Pauline, l'important, c'est Larose...

Chronique de Jean-Claude Pomerleau

Pauline Marois s'est enfin prononcée sur la proposition de Gérald Larose. Elle y adhère, et avec raison. Cette proposition a le grand mérite de ramener enfin la stratégie politique dans le champ du réel: le politique s'incarne dans l'État. Comme le débat qu'elle suscite sera déterminant pour la suite des choses, il convient de l'aborder avec un minimum de rigueur.
J'émets ici l'opinion d'un souverainiste qui suit la politique depuis 40 ans. Il y a encore quelque temps, comme bien d'autres, j'aurais émis de sérieux doutes sur la proposition de M. Larose. C'était avant que je ne fréquente les travaux en géopolitique de J. René Marcel Sauvé et que je me familiarise avec quelques notions élémentaires de géopolitique. Cette rencontre a changé ma manière d'aborder la politique: je suis passé du rationnel au relationnel.
La politique n'est pas rationnelle: on prend le pouvoir, on fait un référendum, on le gagne et on a un pays. Cette démarche ne mène pas nécessairement au pays.

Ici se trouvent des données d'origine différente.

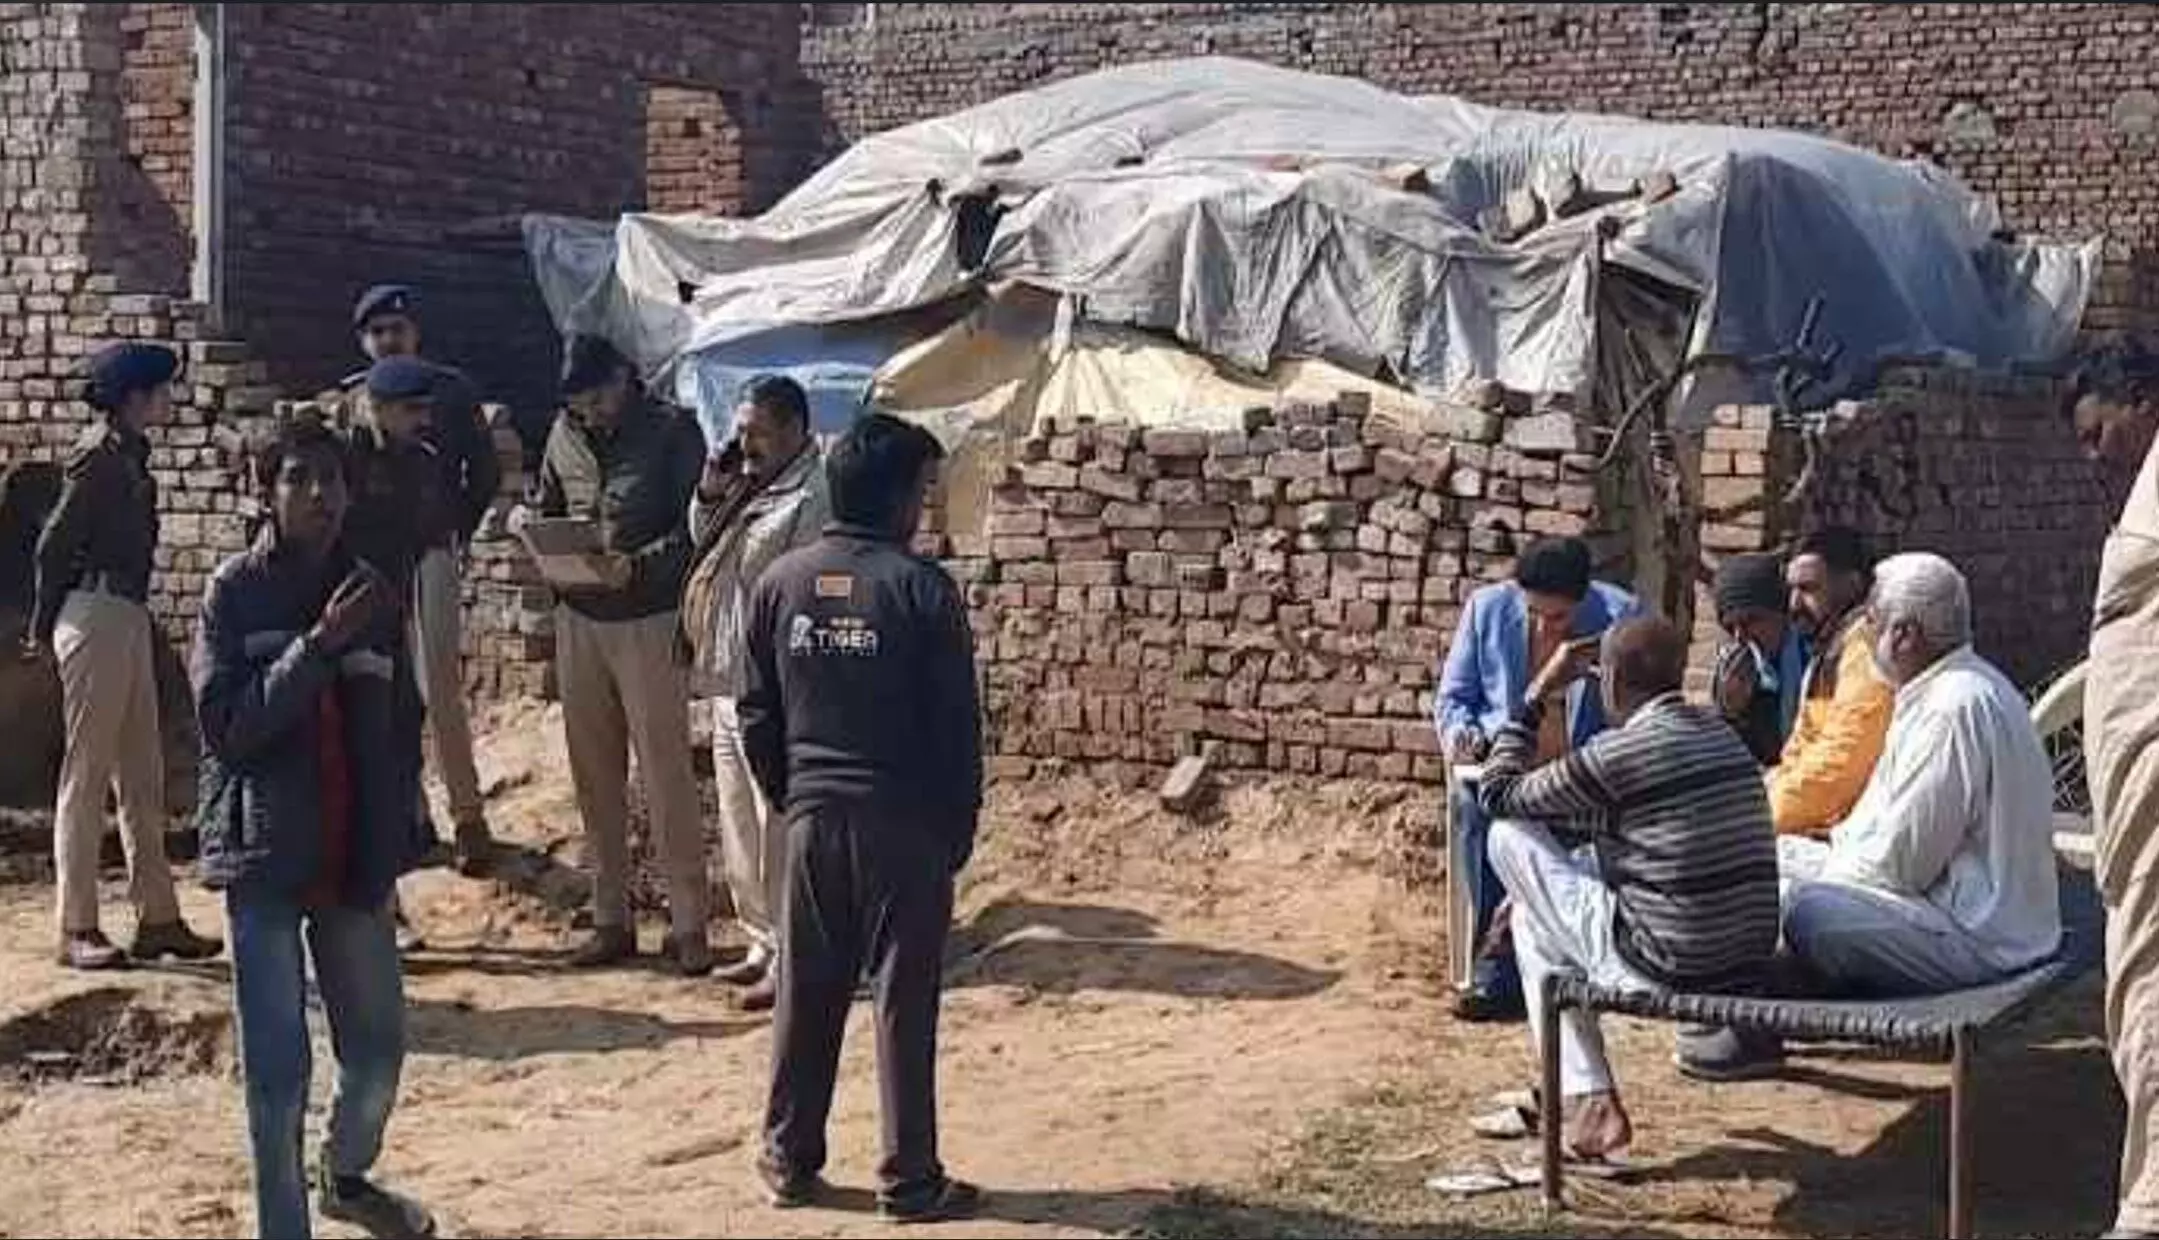 Haryana Crime News: हरियाणा में युवक को बेहरमी से उतारा मौत के घाट, मौके पर पहुंची पुलिस टीम

Elle pourrait même nous en éloigner si nous sommes incapables d'évaluer correctement le rapport de force qui nous est défavorable au moment de passer à l'acte. Cela peut même mener à la catastrophe historique. Les Patriotes ont payé cher de ne pas avoir su mesurer les rapports de force en présence au moment de la Rébellion.
Le peuple l'a compris d'instinct et a «congédié» le référendum pour le moment; certains intellectuels ont de la difficulté à en prendre acte.
La politique est plutôt relationnelle: elle est affaire d'intérêt, de rapport de force et d'effectivité. Notre intérêt, c'est de nous doter d'un État optimal. Pour y parvenir, il faut bâtir un rapport de force qui nous soit clairement favorable, tout au long du parcours; sinon, notre politique ne sera pas efficace. Et pour ce faire, il faut utiliser les moyens de l'État du Québec.
C'est exactement ce que nous propose Gérald Larose: bâtir les rapports de force, un à un, pour en venir à aborder la rupture finale avec un rapport de force qui nous soit définitivement favorable. Car il s'agit bien de cela, un rapport de force entre deux États: l'État canadien, qui nous a annexés, et l'État du Québec, qui cherche à s'en affranchir pour devenir un État optimal (c'est-à-dire souverain).
La proposition qui vise à doter le Québec de sa propre constitution va tout à fait dans ce sens. Certains ont réduit cette proposition à un de ses aspects: le code de citoyenneté. En fait, il s'agit d'un acte d'État d'envergure qui précisera les termes politiques et juridiques de notre État-nation. Malgré les campagnes hystériques et hargneuses de la «médiacratie» fédéraliste, cette proposition reçoit toujours un appui de plus de 60 % de la population. La consultation populaire qui mènera à son adoption sera l'occasion d'un formidable exercice de pédagogie qui permettra au peuple de dessiner les contours d'un pays à venir. Non, il ne s'agit pas d'une constitution de province, il s'agit d'une constitution d'État, qui s'opposera à celle d'un autre État.
Le rapport de force: il est à prévoir que cette constitution, dont le peuple du Québec se sera doté de façon démocratique, entrera en conflit de légitimité avec la Constitution de 1982, qui nous fut imposée arbitrairement et que l'Assemblée nationale a rejetée unanimement. Si on garde un appui supérieur à 60 % tout au long du parcours, nous pourrons envisager de demander au peuple de trancher définitivement la question, par référendum (si cette voie est praticable) ou par un autre mode d'accession tout aussi légitime, l'élection décisionnelle.
Reste à savoir si le Parti québécois est suffisamment imprégné d'une culture d'État pour défendre cette stratégie d'État, qui propose plusieurs actes d'État, jusqu'au bout, avec la détermination qu'elle commande. Ou, comme le craignent certains, si les petits carriéristes provincialistes apeurés seront en nombre suffisant au Parti québécois pour faire avorter le projet.
Le PQ est à un tournant: ou bien il incarne sa politique dans l'État, ou bien il perd de sa pertinence. C'est là qu'on verra si, pour Pauline, l'important, c'est Larose.